Without the pictures, restate all of the data below word for word.

[Data extract]:

__________

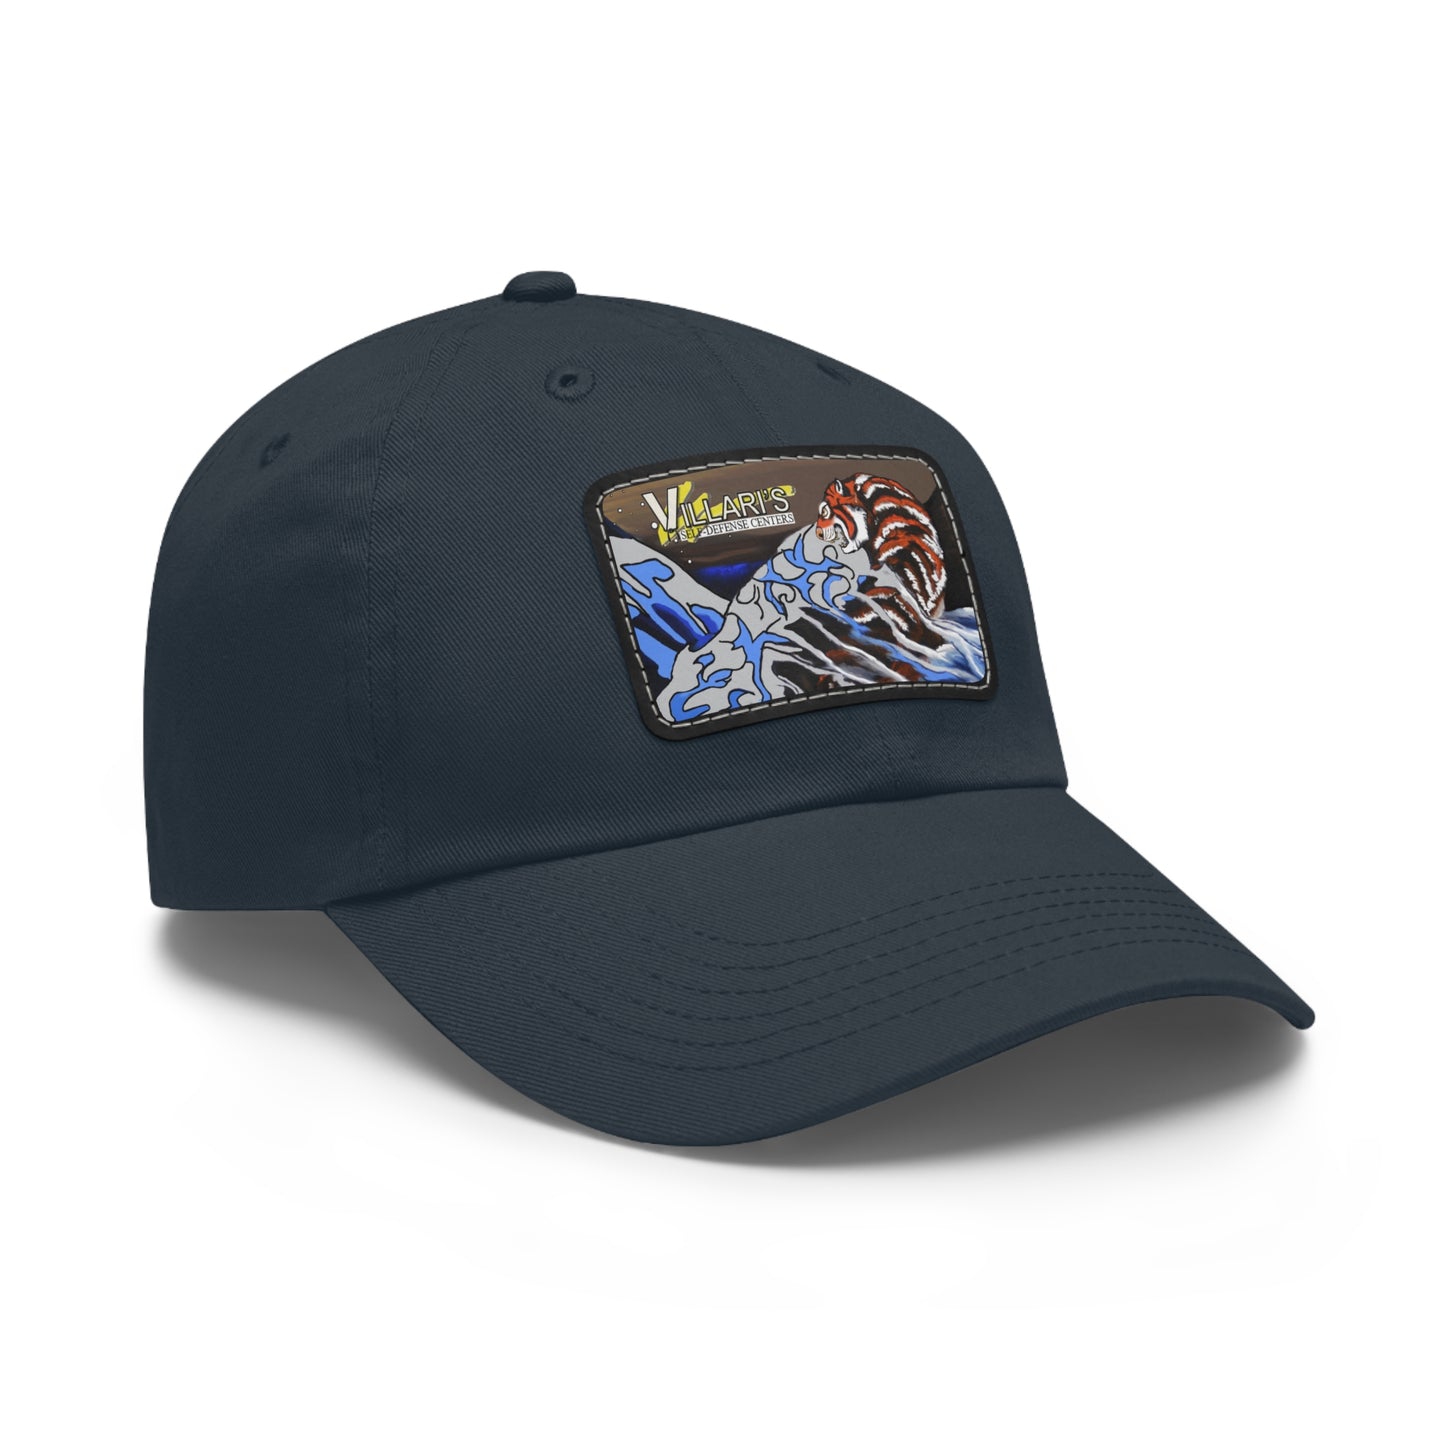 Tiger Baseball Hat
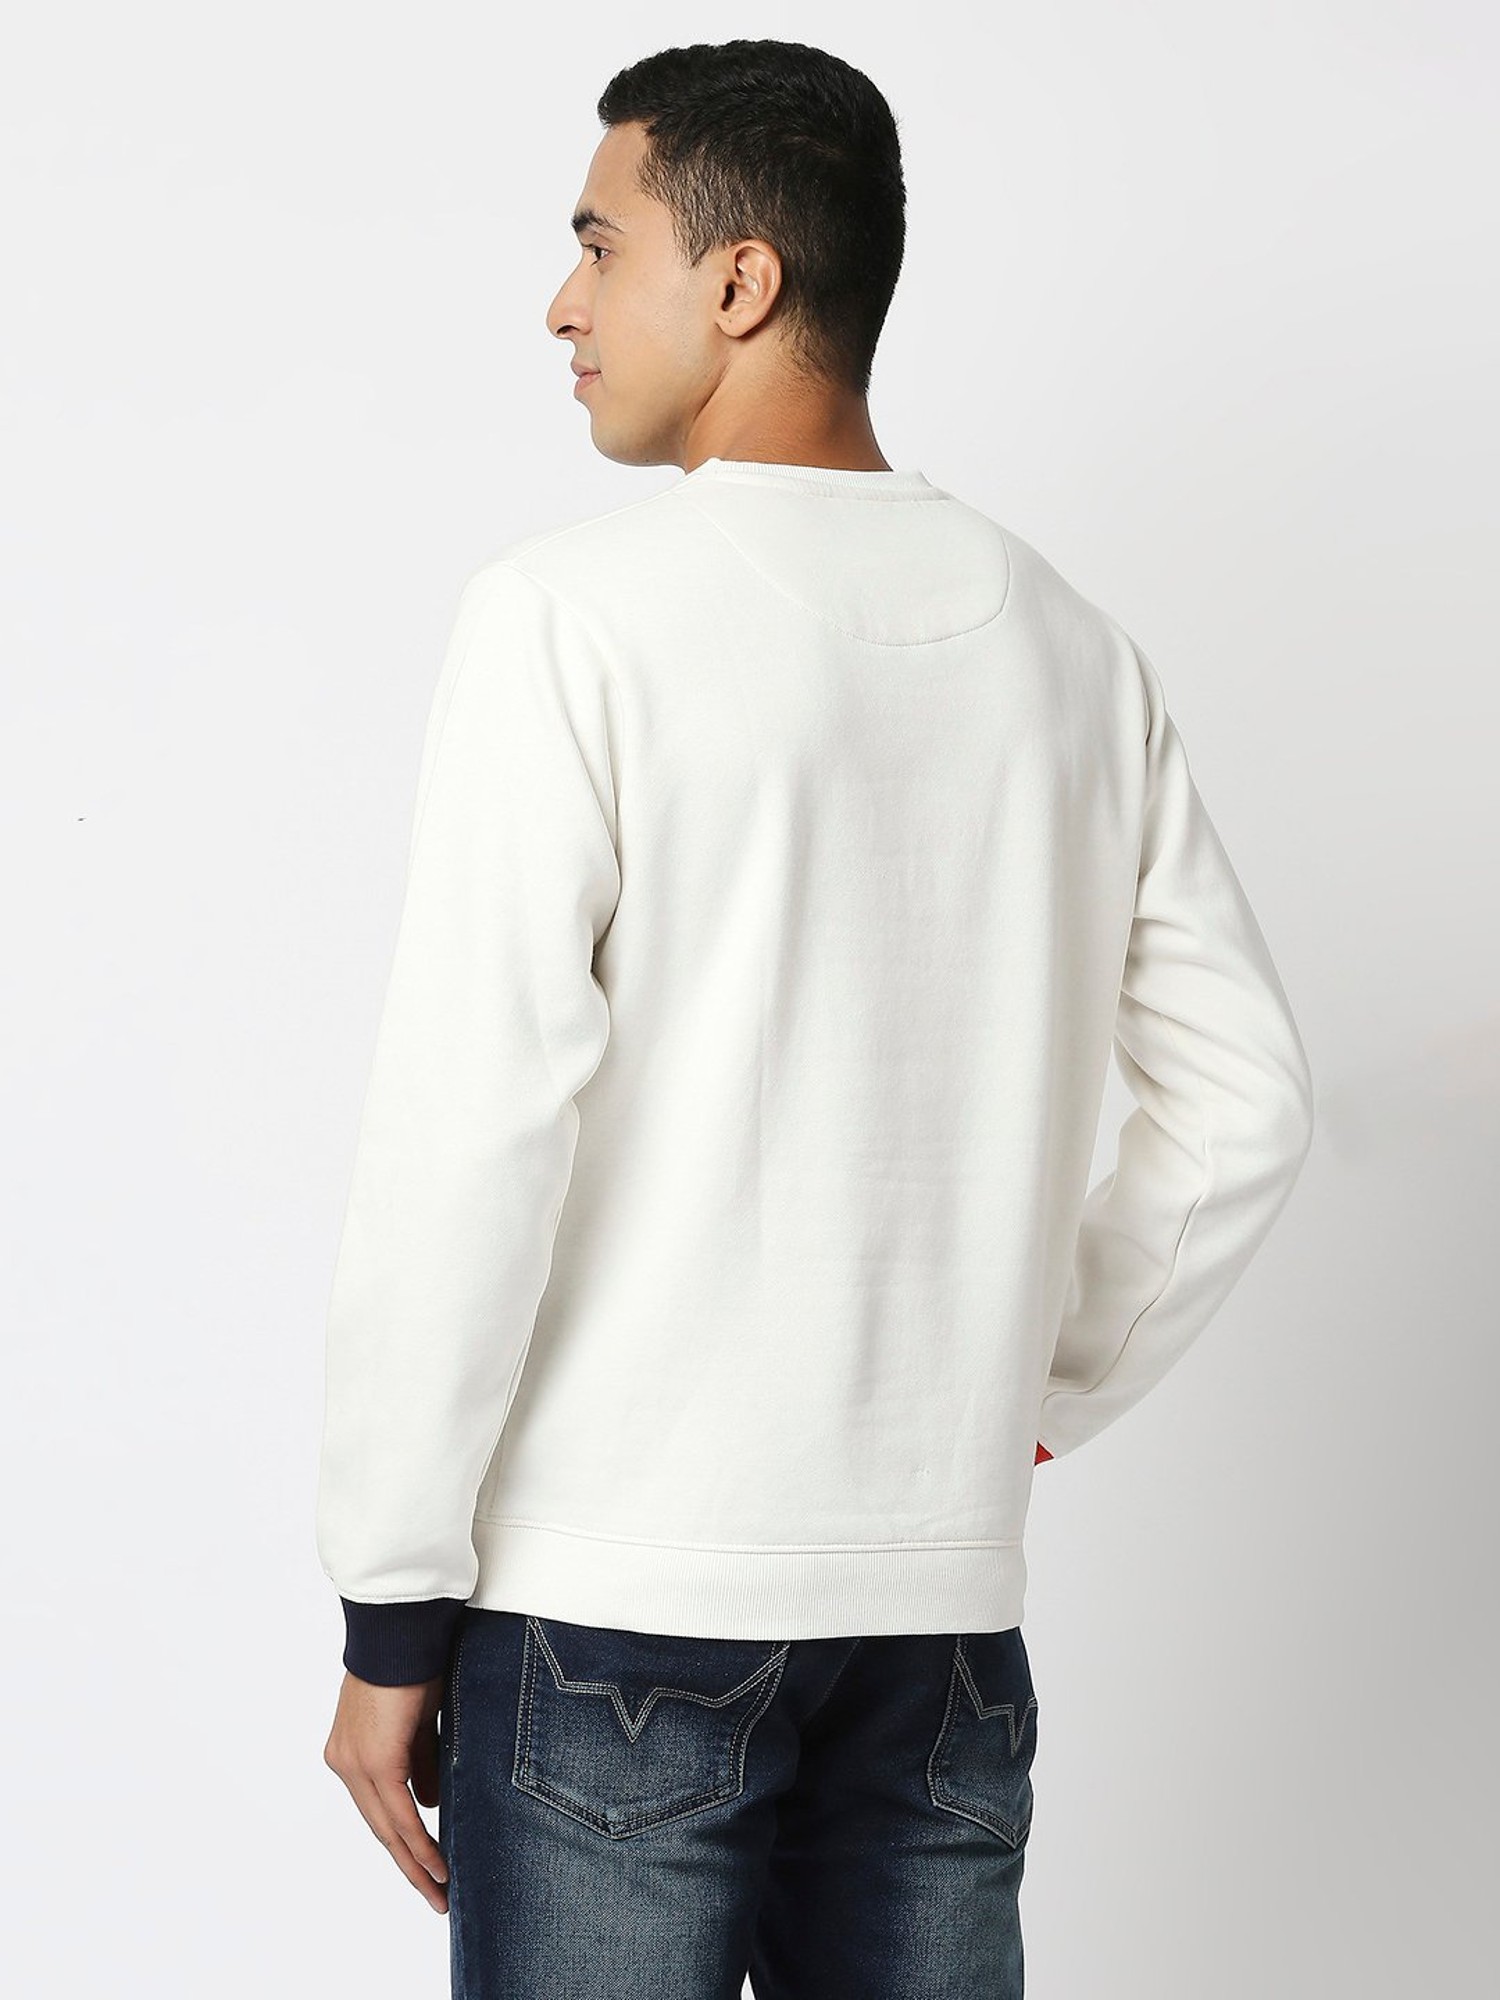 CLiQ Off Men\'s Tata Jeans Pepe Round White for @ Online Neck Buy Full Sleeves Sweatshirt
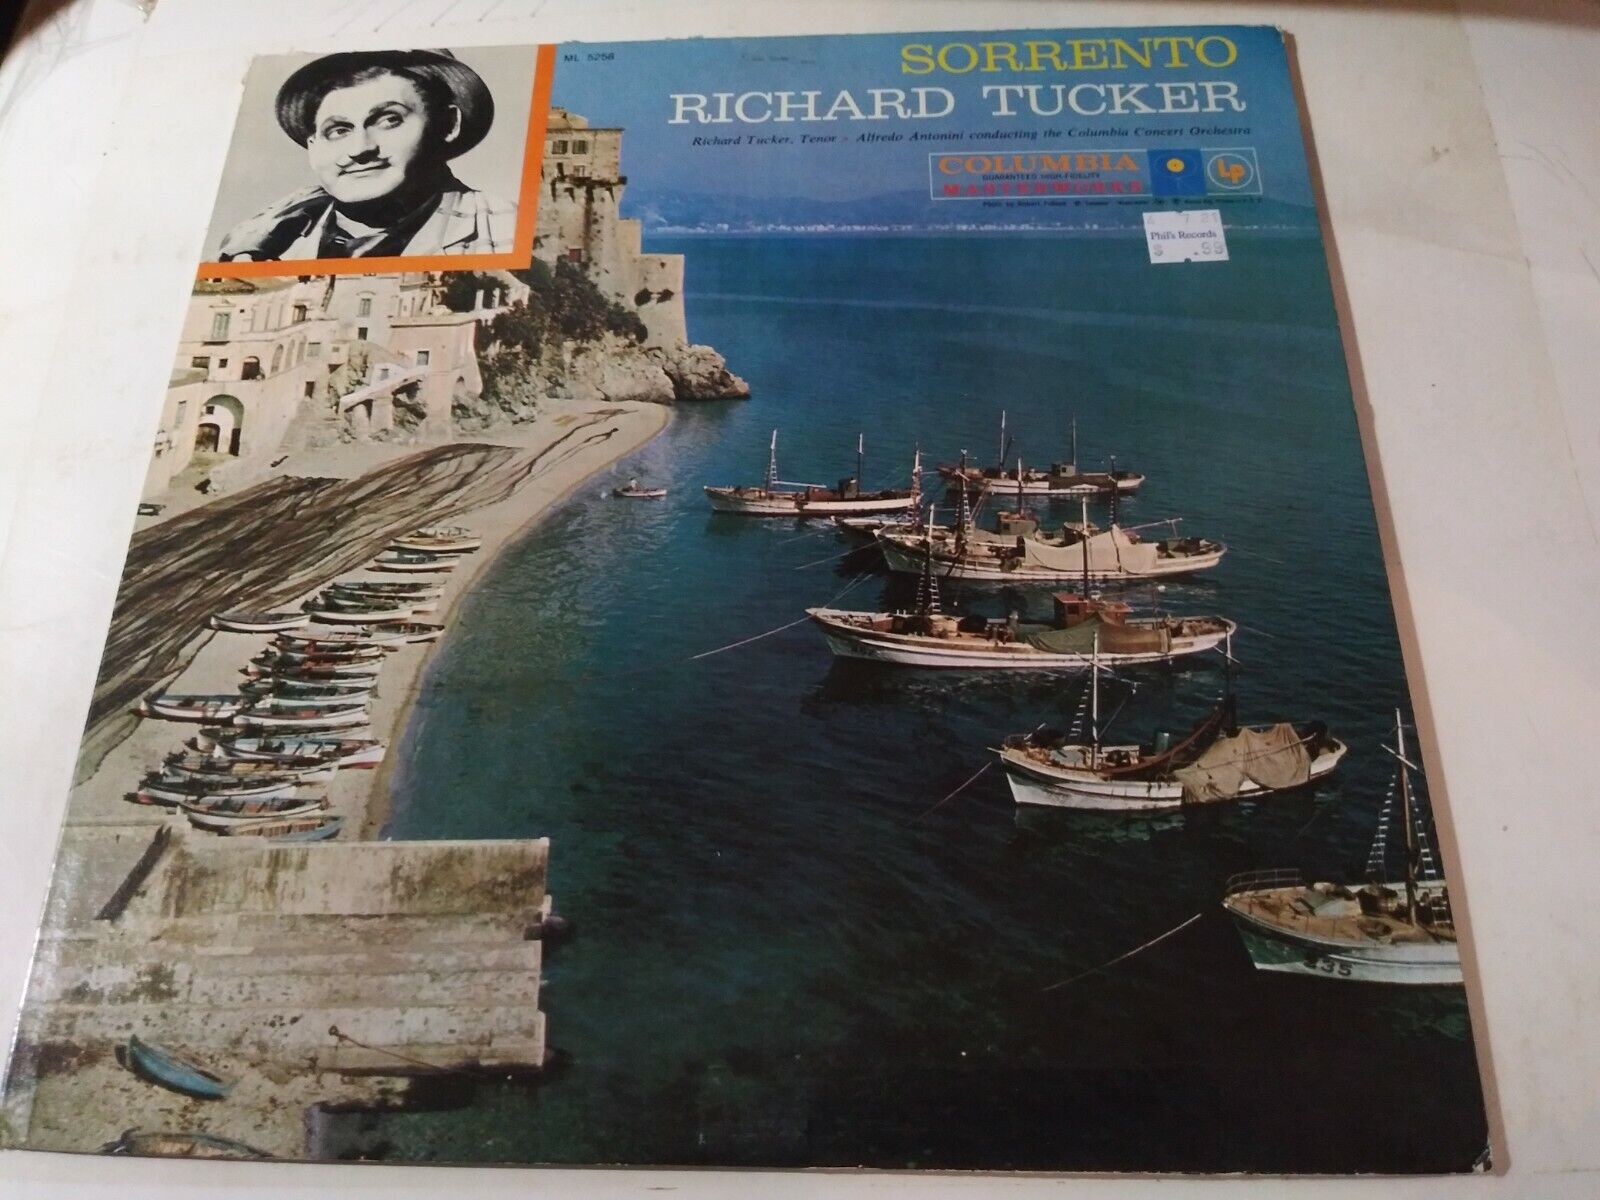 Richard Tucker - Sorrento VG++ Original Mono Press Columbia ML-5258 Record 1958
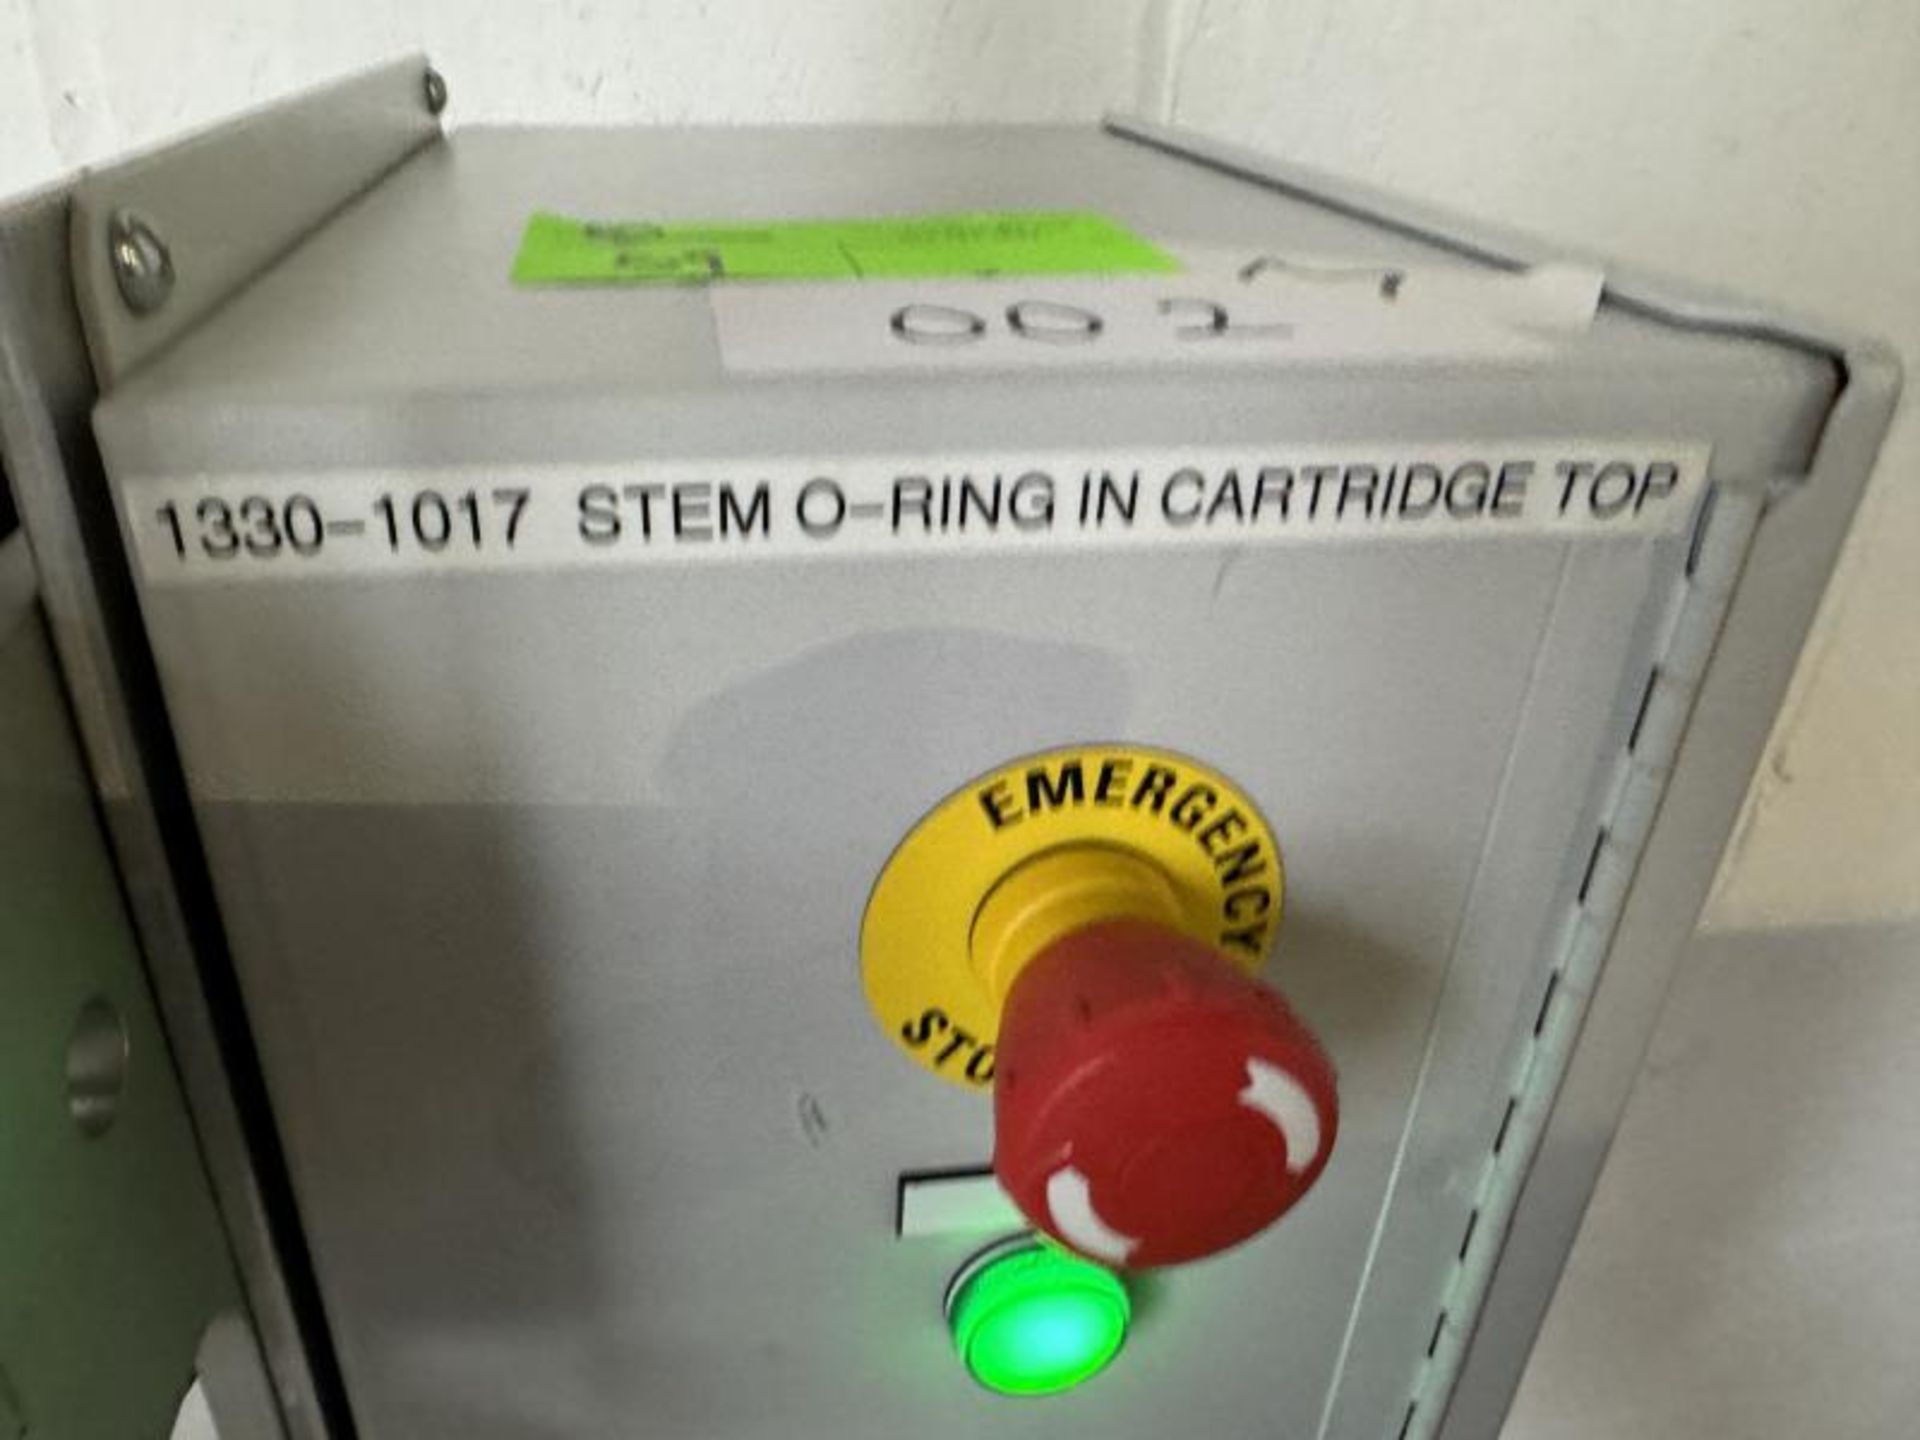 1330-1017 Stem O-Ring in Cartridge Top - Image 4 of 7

__________

[Response to the exercise]:
 Tiger Baseball Hat
 CLiQ Off Men\'s Tata Jeans Pepe Round White for @ Online Neck Buy Full Sleeves Sweatshirt
 Richard Tucker - Sorrento VG++ Original Mono Press Columbia ML-5258 Record 1958
 1330-1017 Stem O-Ring in Cartridge Top - Image 4 of 7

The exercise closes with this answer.